Voicemail

Listening is not hearing.
Like a wind that is slowly nearing
that never hits your face.
What I want is for my words to meet your embrace.
Not to be fixed or figured out.
I want to be seen with or without.
Responding is not understanding.
Though, you think it is because it makes you feel as if you are the one commanding.
You like to think that we are truly bonding,
but how can we when you do not hear me and only think of responding?

On Being Alone

Loving is a hard thing to do.
I’m afraid because I cannot
control all the parts of you.
So stay away from me please,
and don’t tell me you care.
Then you might actually know me
and that wouldn’t be fair.

I want to love, I do –
To open myself up to others’ emotional embrace,
but I’m uncomfortable too
and can’t bear to look at my own face.
I can’t love myself so I can’t love you.
Now please stay away from me and accept our time is due.

I don’t want to hurt you,
but it is for your own good.
For, to love me would be a prison
yet to be understood.
Stay away! Stay away!
Please, leave me alone.
I’m not ready to display.
I am the only artifact that I can own.

What a Time to Cry

So, here I am, back again.
Maybe I like the pain.

With your knife you scrape my chest.
Just let me see so that I can stick it inside of me.

It’s easier to hurt than to let myself cry.
It might not fit but can you hold it?

There are some things I’ve done that I can’t forgive,
but what’s the alternative except to live?

I could be just what you need.
I just can’t be you.

Please pay me a visit before you go.
Because you are leaving me and dreaming ain’t free.

The Bone Dock

Back and forth,
I have walked every day.
On this dock that holds me up,
I trust.
Back and forth,
start to finish.
But the deed goes uncompleted.
I never jump.
I am too afraid to fall ––
To drown.

Maybe, it is that I do not trust myself to float.
To rely on my body
solely and to be alone.
So I go back down and sit ––
in the pit of my stomach,
It feels more safe here,
less deep.

But each time I walk the weaker the dock becomes.
I cannot handle the weight ––
too much on the bones.
I walk so often that they start to creek.

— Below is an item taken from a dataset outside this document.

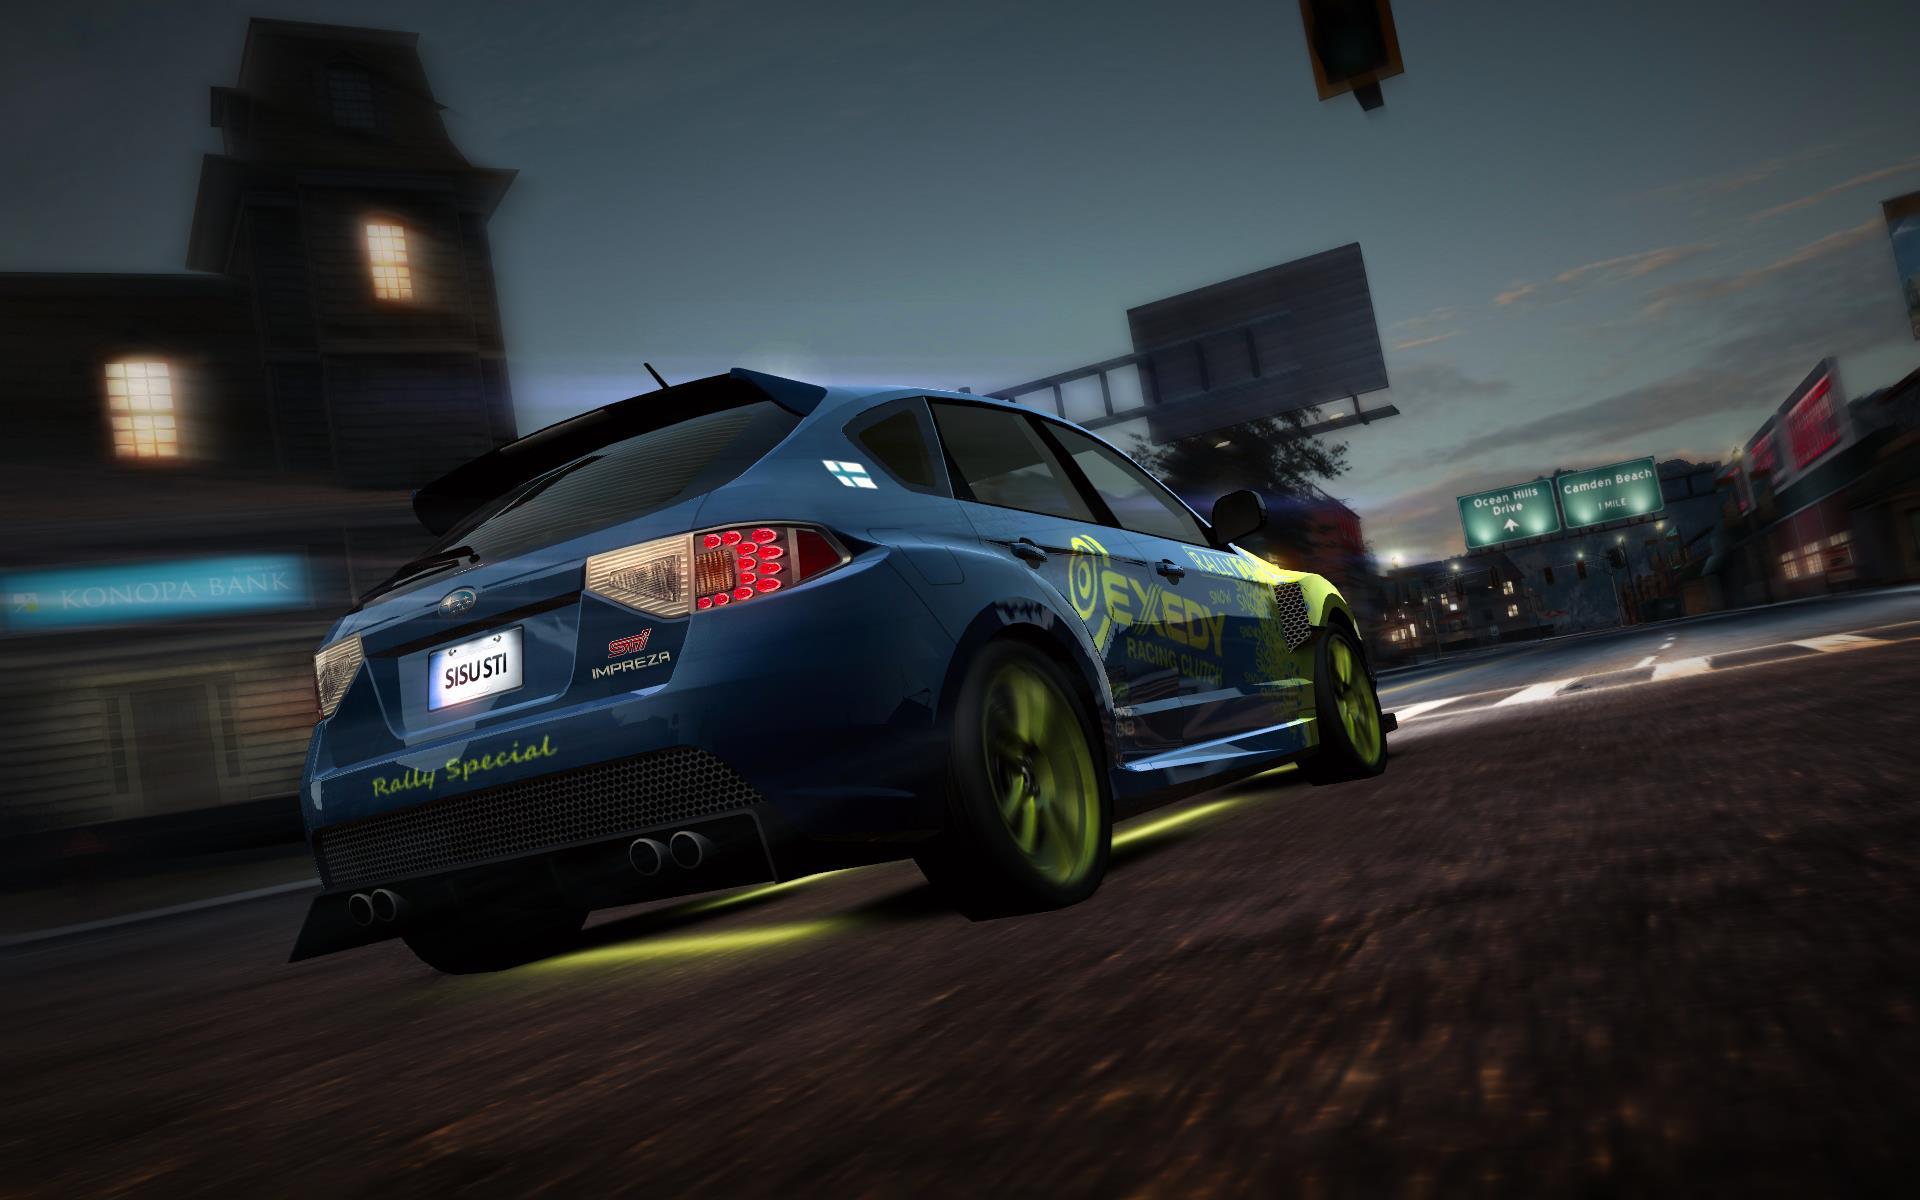 Image Carrelease Subaru Impreza Wrx Sti Hatchback All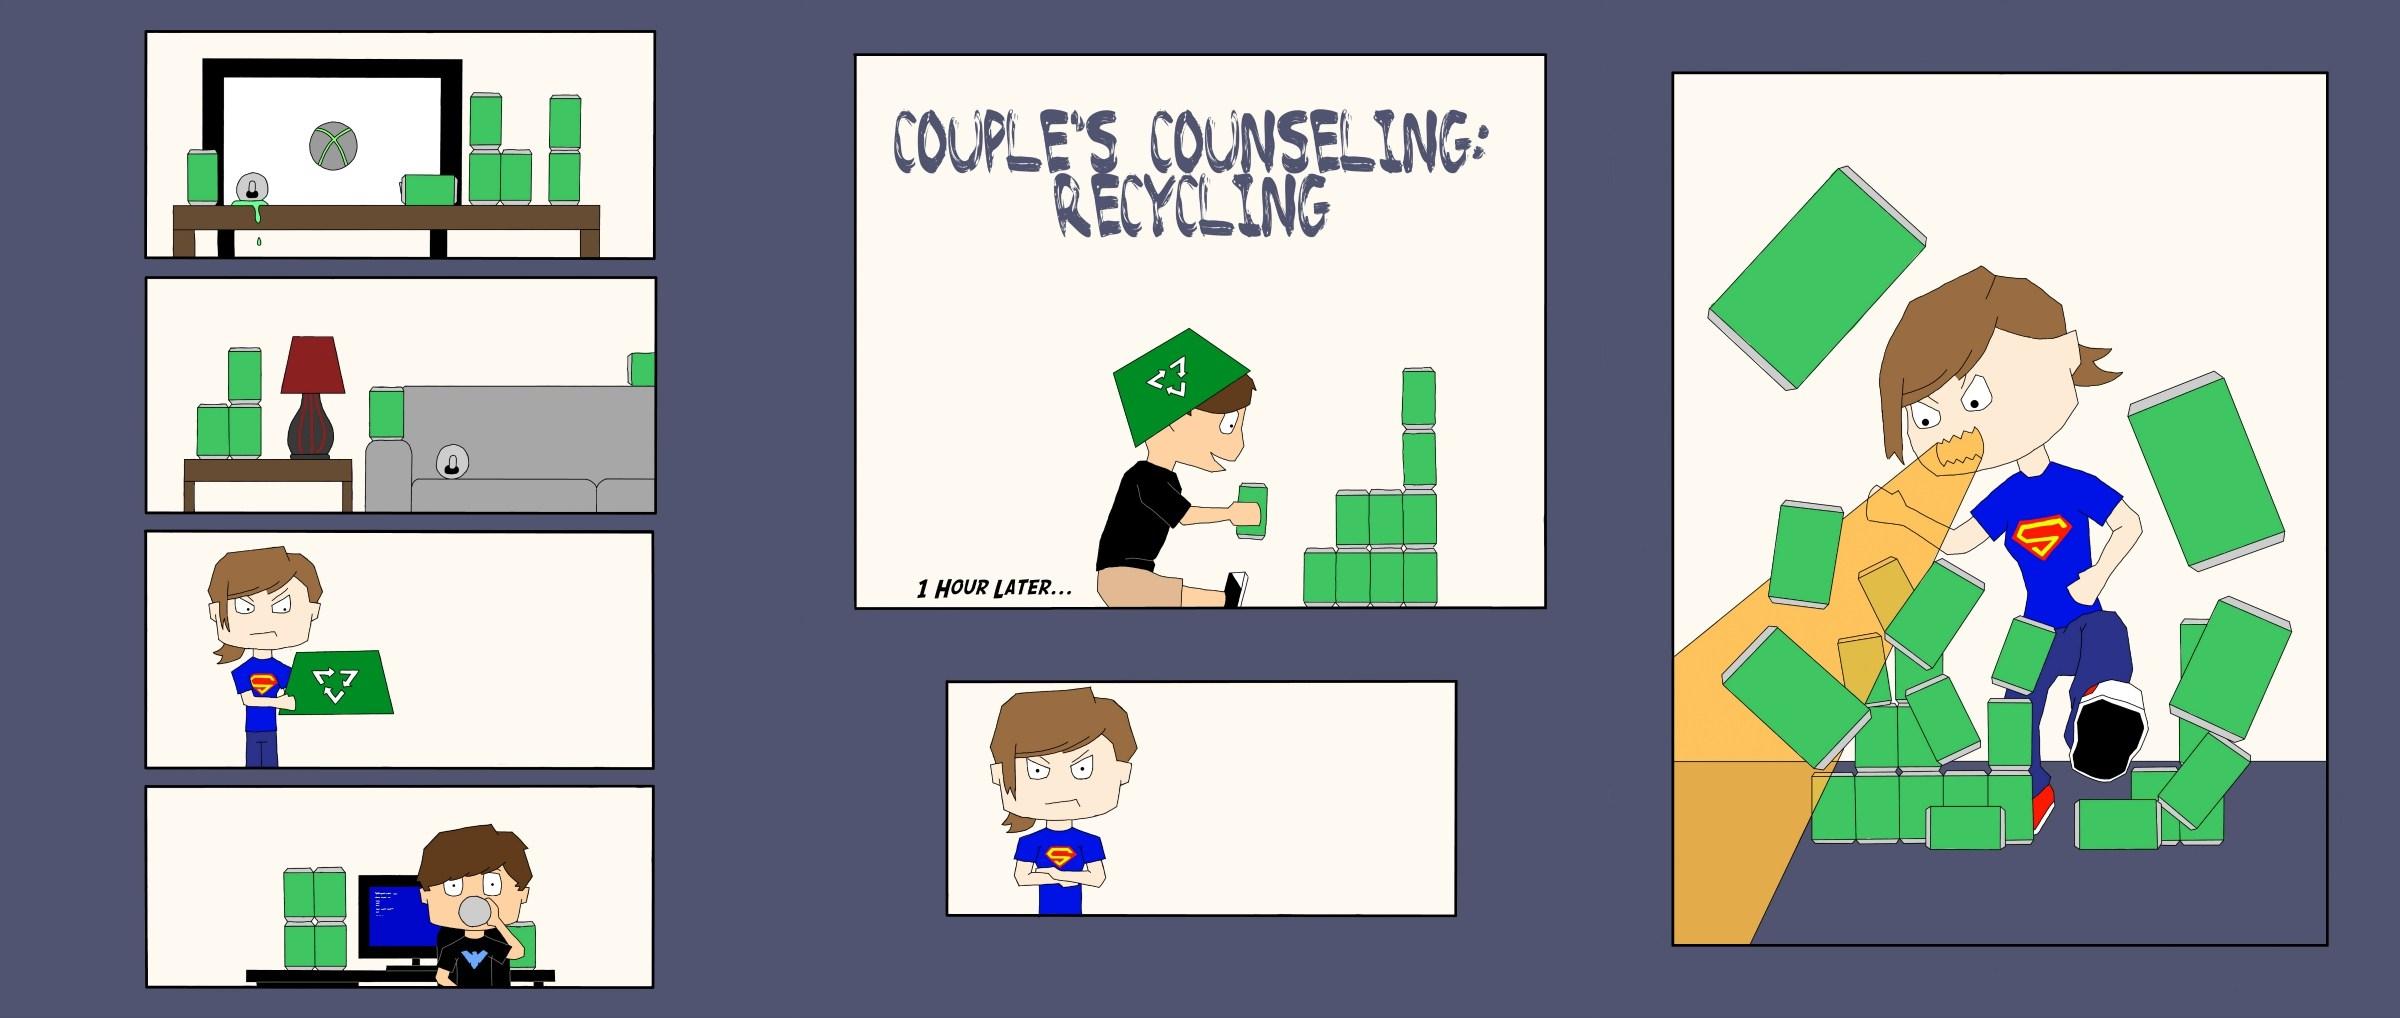 CC5 - Recycling (2014)

Soon I will be able to walk no more.
The dock will be worn
and I will have to sit and watch its pieces as they
drift away.

Then I will conclude as well.
Gone into the ocean.
Unable to avoid
the waves.

Author’s Biography

Katherine Ault is a 22-year-old writer from Easton, Massachusetts. She holds a BFA in English Literature from Bridgewater State University where she graduated Summa Cum Laude. The following poems are a study on illness and what it means to live with it. At the age of 19, Katherine fell ill with a mysterious sickness that perpetually got worse over the next three years, changing the trajectory of what she thought her young adult life would be. This turn of events caused Katherine to turn inward and question life. During this time, her most treasured form of investigation was writing. Katherine is grateful to have gotten through this period of her life and hopes that these poems speak to those who are still in the fight.